WORK INSTRUCTION.
Can you print the data exactly and leave out each image?

DATA BELOW.
# # # #

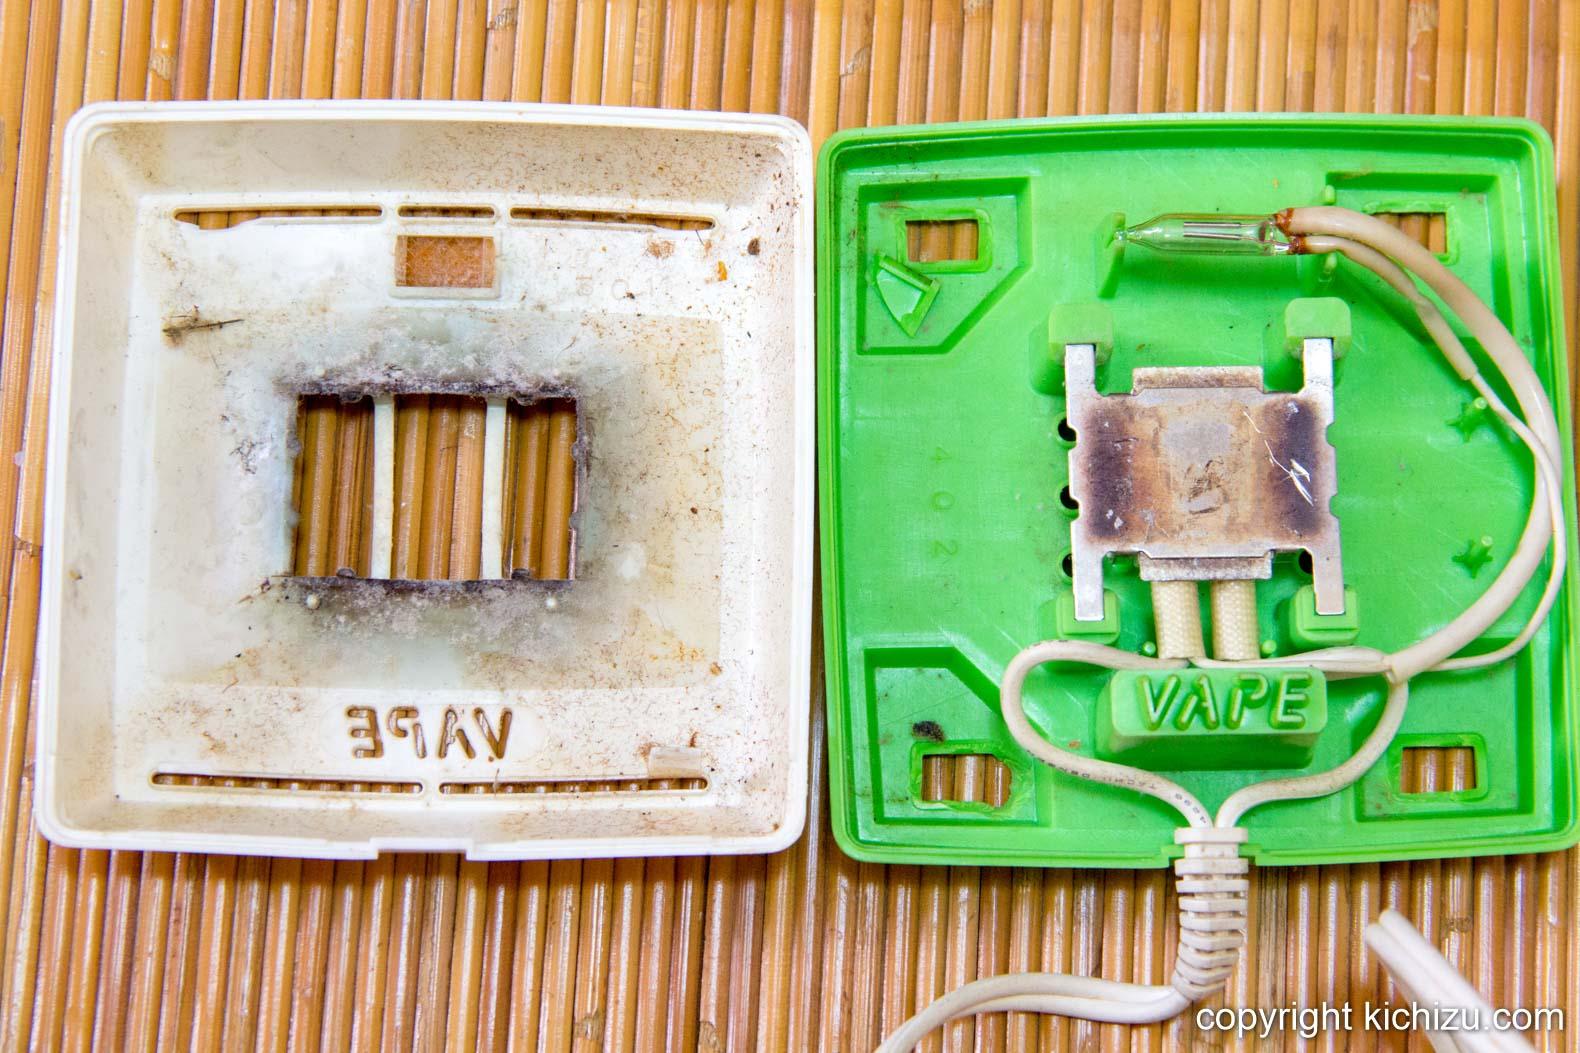 ベープ 電子蚊取りマット正方形型を分解した様子
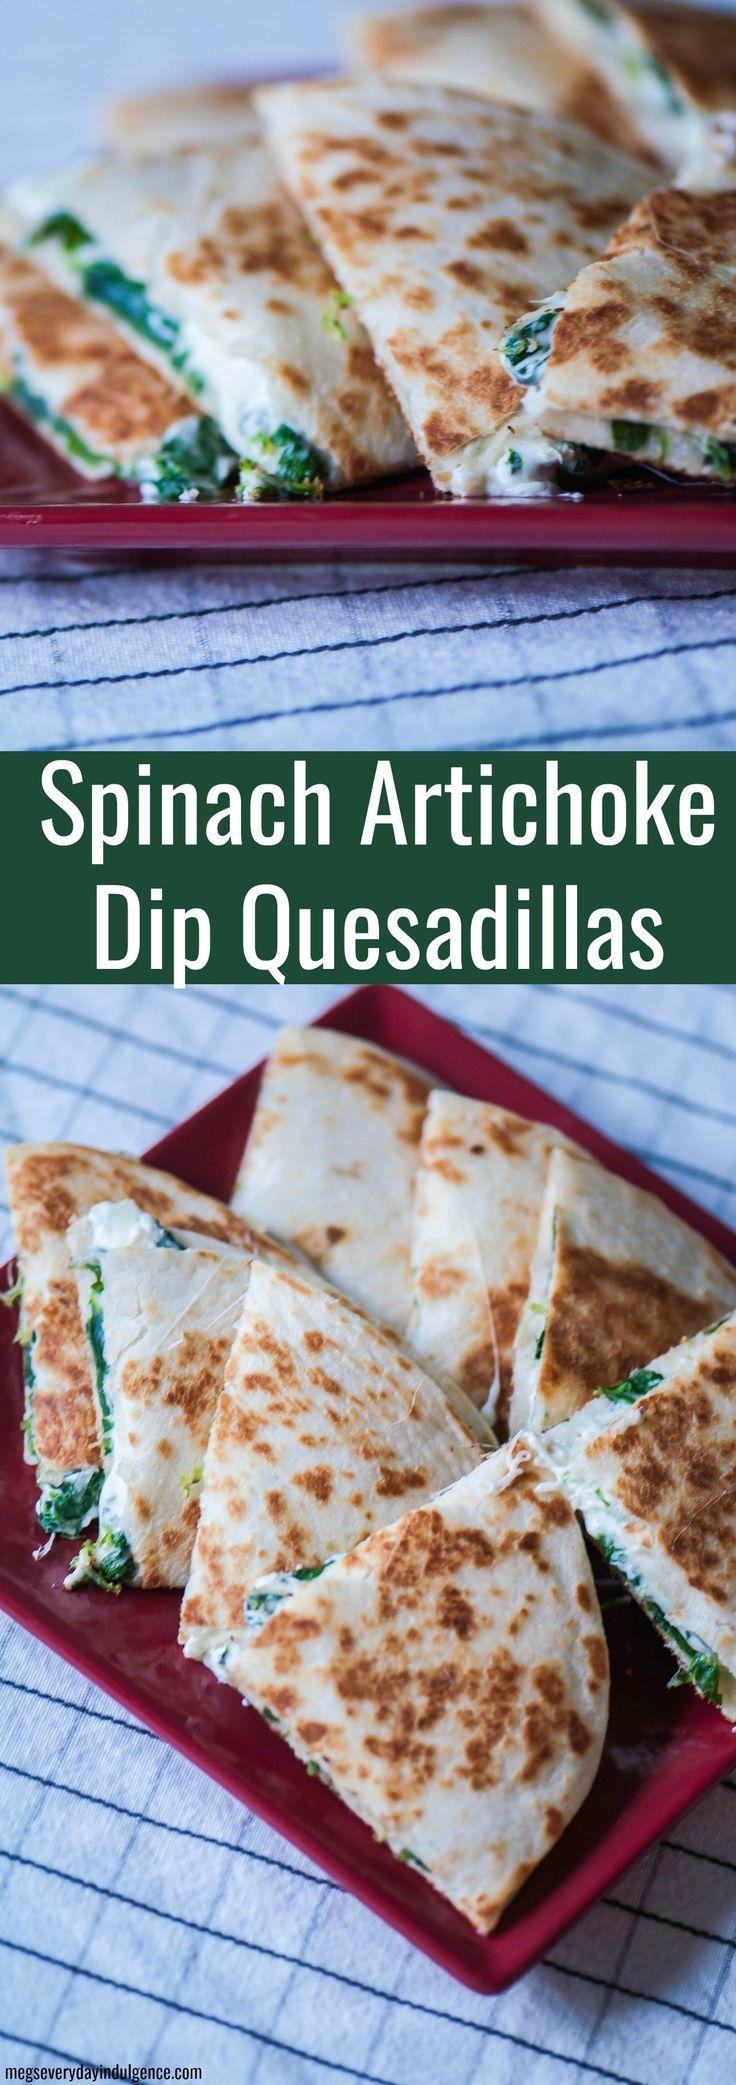 Spinach Artichoke Dip Quesadillas-healthy vegan recipes.
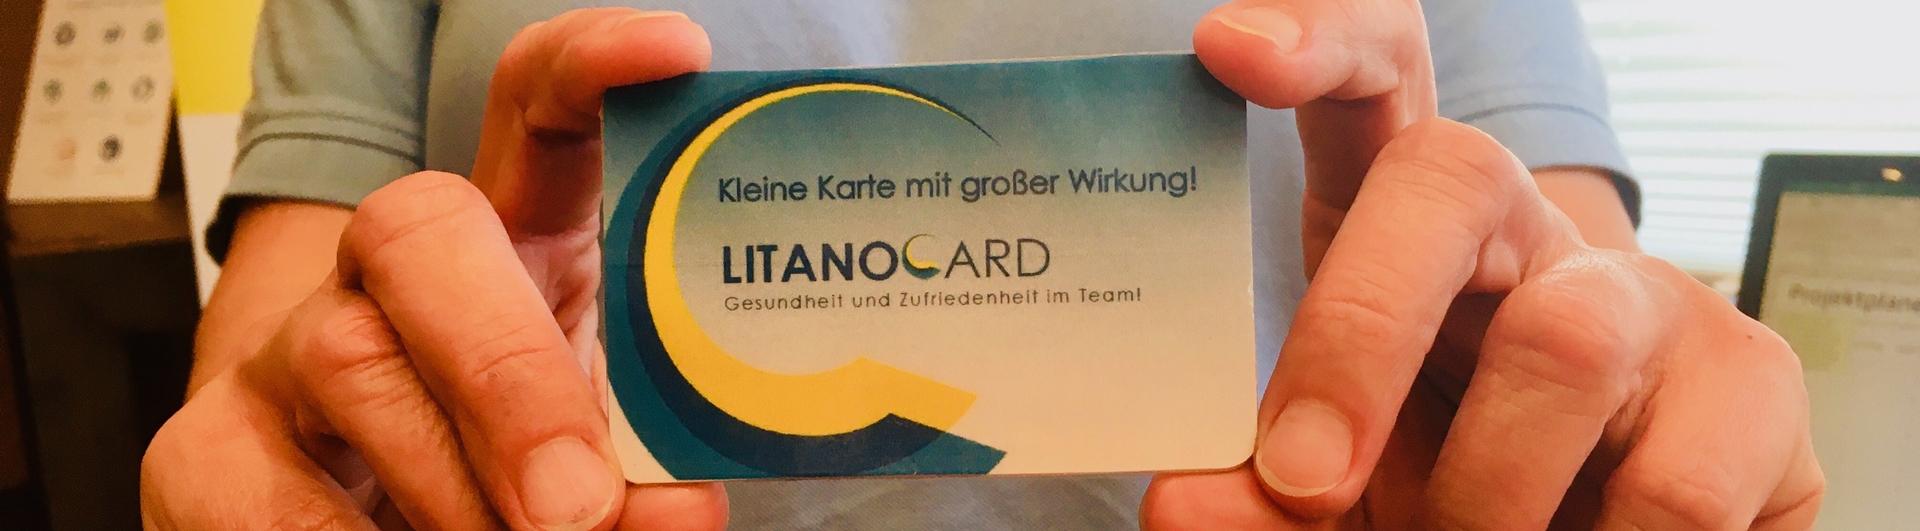 LitanoCard_Kleine_Karte_mit_großer_Wirkung
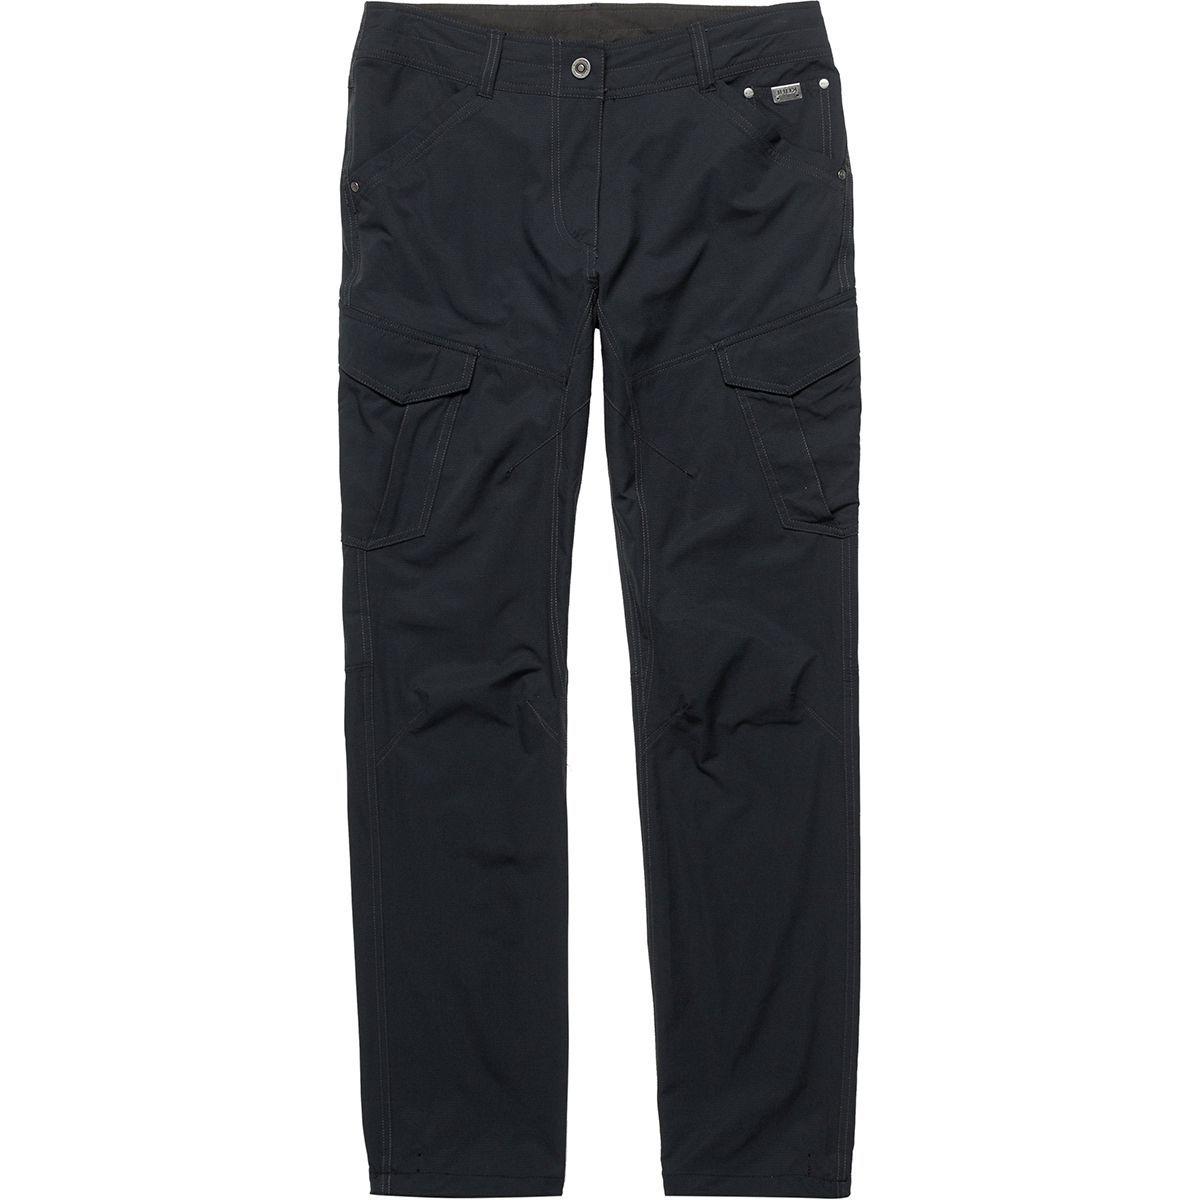 KUHL Silencr Kargo Pants - Men's

# # # #

OUTPUT FOR THIS EXERCISE.
 ベープ 電子蚊取りマット正方形型を分解した様子
 Spinach Artichoke Dip Quesadillas-healthy vegan recipes.
 LitanoCard_Kleine_Karte_mit_großer_Wirkung
 KUHL Silencr Kargo Pants - Men's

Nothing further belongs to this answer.